Growth-Stage SaaS Platform · Technology & SaaS · San Francisco, CA · 8 weeks
Growth-Stage SaaS Platform Data Foundation case study
A growth-stage SaaS company faced confusion with five different ARR numbers used by finance, sales, product, and the board, causing a $2.1M gap. We created a certified revenue metric layer that standardized definitions and aligned all teams on one reliable ARR figure for board reporting.
Challenge
Finance, Sales, and Product each reported ARR using different data sources: billing, CRM, and usage logs. Their methods made sense individually, but the numbers didn’t match. This inconsistency confused the board and left the CFO unable to provide clear answers. We had to unify the approach and create a single, reliable ARR calculation.
Approach
We worked directly with finance, sales, and product leaders to agree on clear definitions for ARR, NRR, GRR, and churn. Then, we created a metric layer in dbt that pulls from one source of truth to calculate these metrics consistently. This layer feeds into Looker, making the numbers available and reliable for all teams. We also documented each metric and the exact business rules used.
Outcome
We identified and fixed a $2.1M discrepancy in ARR by standardizing all teams on one certified metric layer. This cut board reporting prep from three days to four hours.

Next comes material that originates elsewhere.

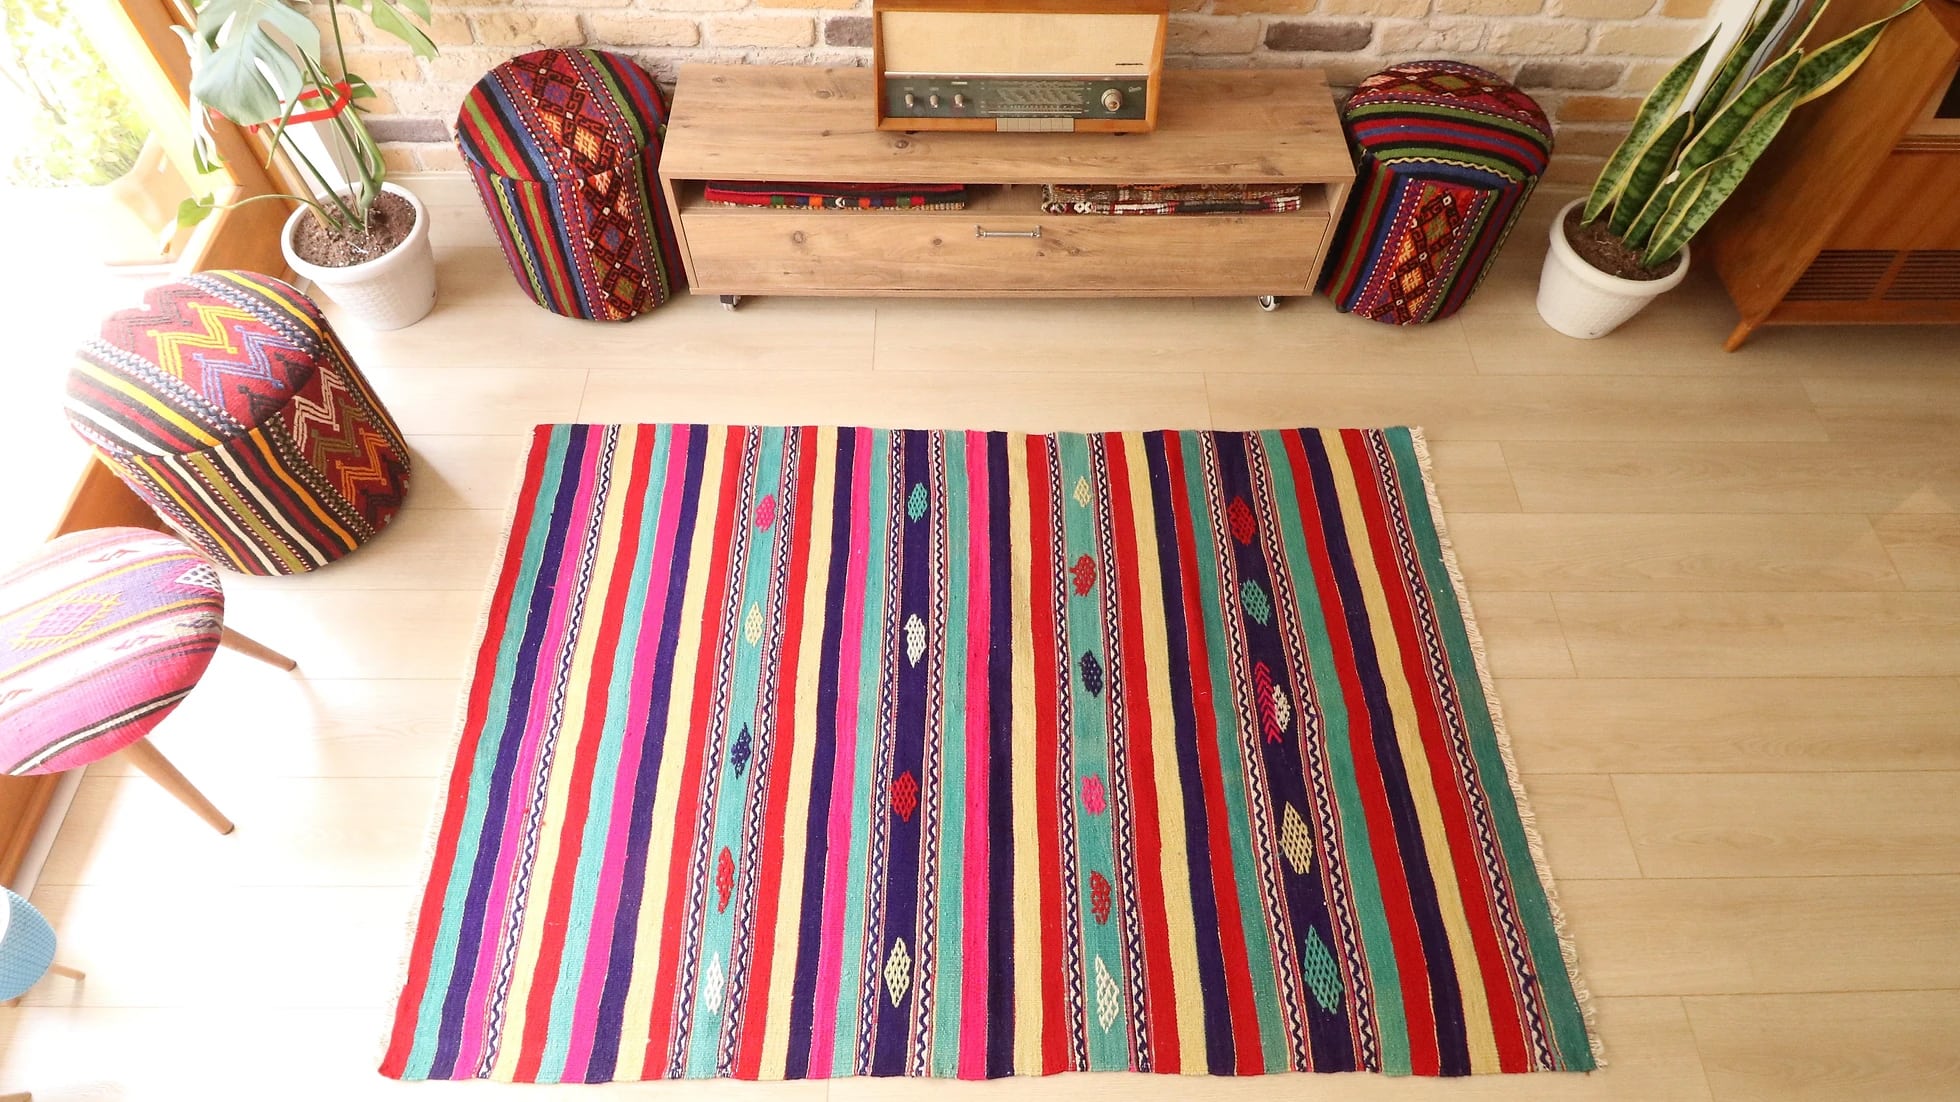 handknotted Turkish Rug in colorful striped patterns in NYC rug gallery

At the next board meeting, the CFO presented a single ARR figure backed by full data lineage. The metric layer also served as the core data source for the Series C data room.

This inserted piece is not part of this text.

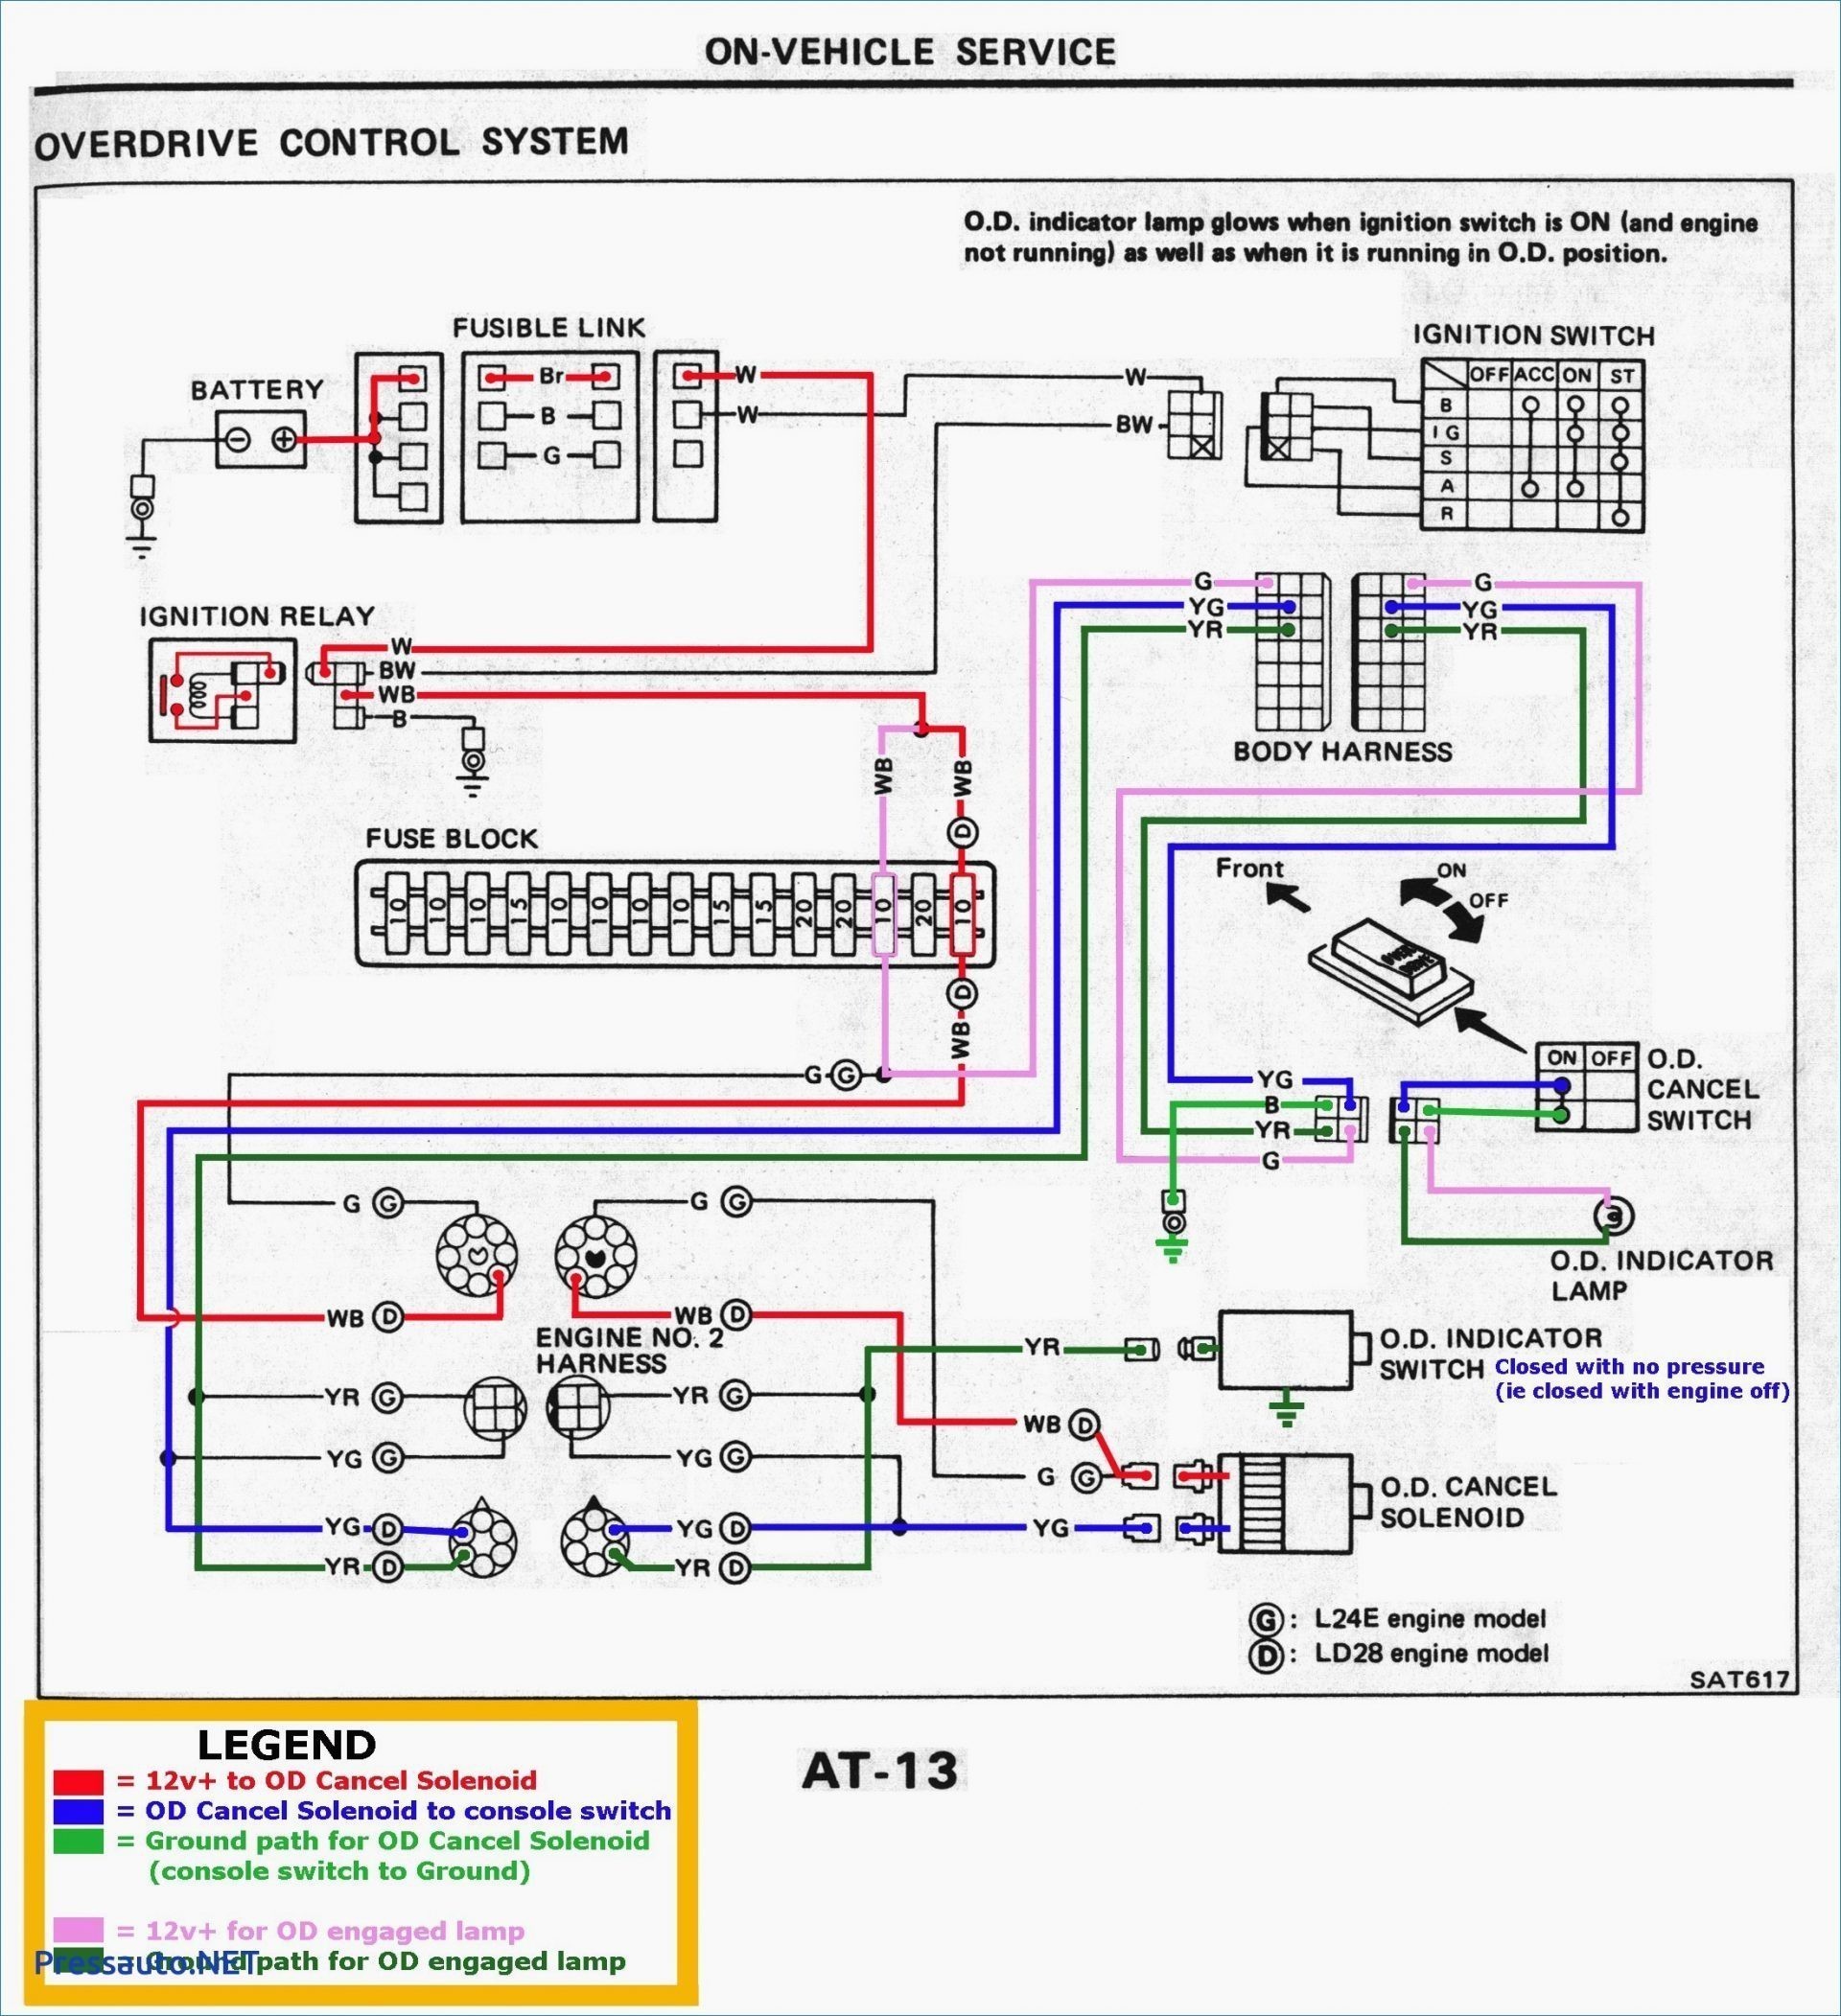 Stereo Wiring Diagram 2001 Dodge Ram 1500 Refrence Stereo Wiring Diagram For 1996 Dodge Ram 1500 Fresh 1996 Dodge Ram

Nailing Down Our Metrics Before We Built Anything
The problem wasn’t a tech bug. Finance, sales, and product were all measuring ARR differently, each with their own set of rules. So, we pulled everyone into a workshop. We mapped out how each team was doing it, called out the conflicts, and hammered out one clear ARR definition that worked for everyone. After that, we built the solution around that shared understanding.
We rolled up our sleeves with dbt and Looker to clean up the data. Then, we built a certified metric layer that got all our reports speaking the same language.

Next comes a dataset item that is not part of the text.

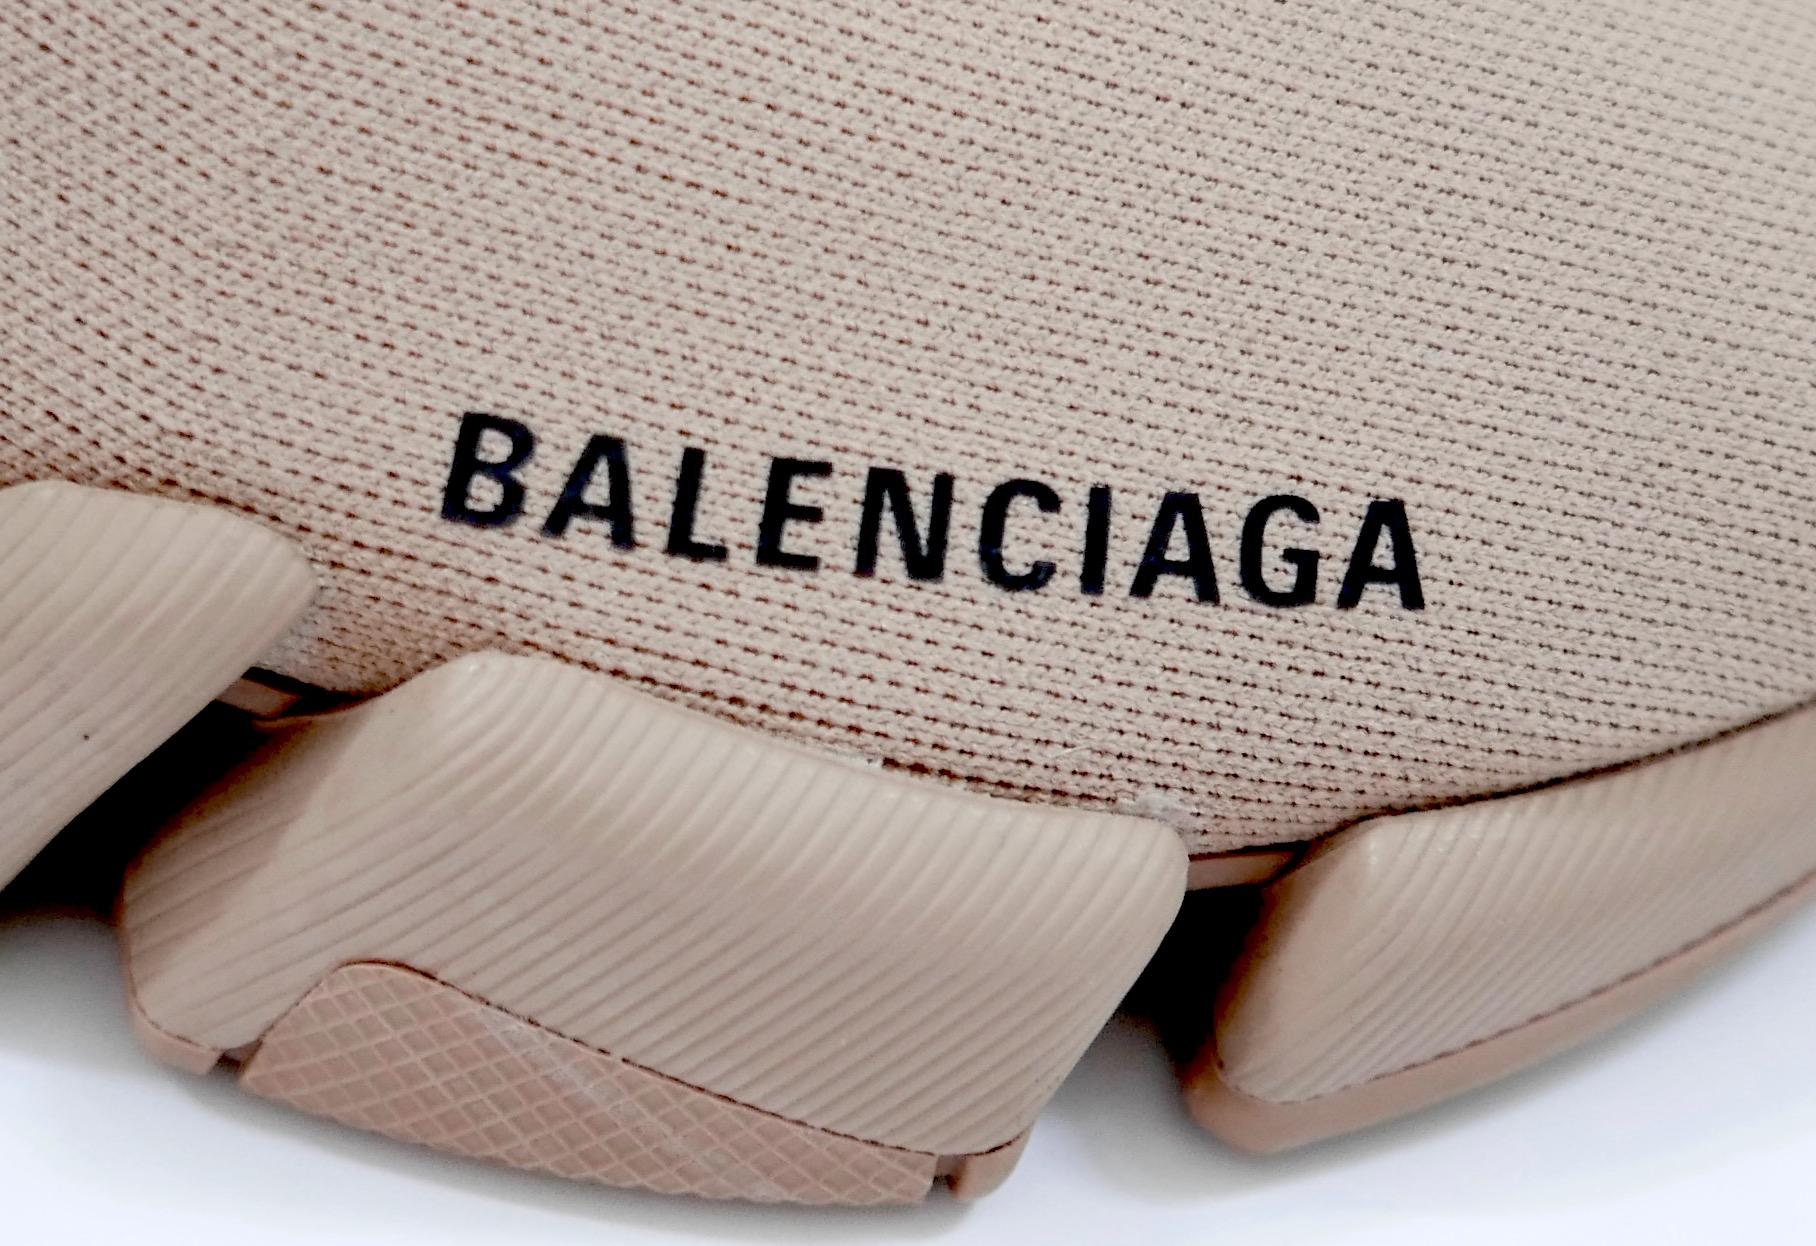 Balenciaga Speed 2.0 Knit Sock Sneakers In Excellent Condition For Sale In London, GB

Here’s how we tackled it: first, we got super clear on what each metric actually meant and who was responsible for it. Next, we followed the data trail from start to finish. Then, we built the metric layer in dbt and put automated tests in place that run every time the data updates. Last step was connecting that layer to Looker’s semantic model. The payoff? No more guessing games with the numbers when the board shows up.
Results
- $2.1M ARR discrepancy resolved
- 3 days to 4 hours Board reporting preparation time
- 5 to 1 ARR definitions consolidated to single certified source
- Series C Metric layer used as data room foundation
We used to track five different ARR numbers, and the board had basically stopped trusting any of them. Thinklytics worked with our three teams to agree on one definition and built the metric layer in eight weeks. That $2.1 million discrepancy is gone, and now the board is asking more useful questions.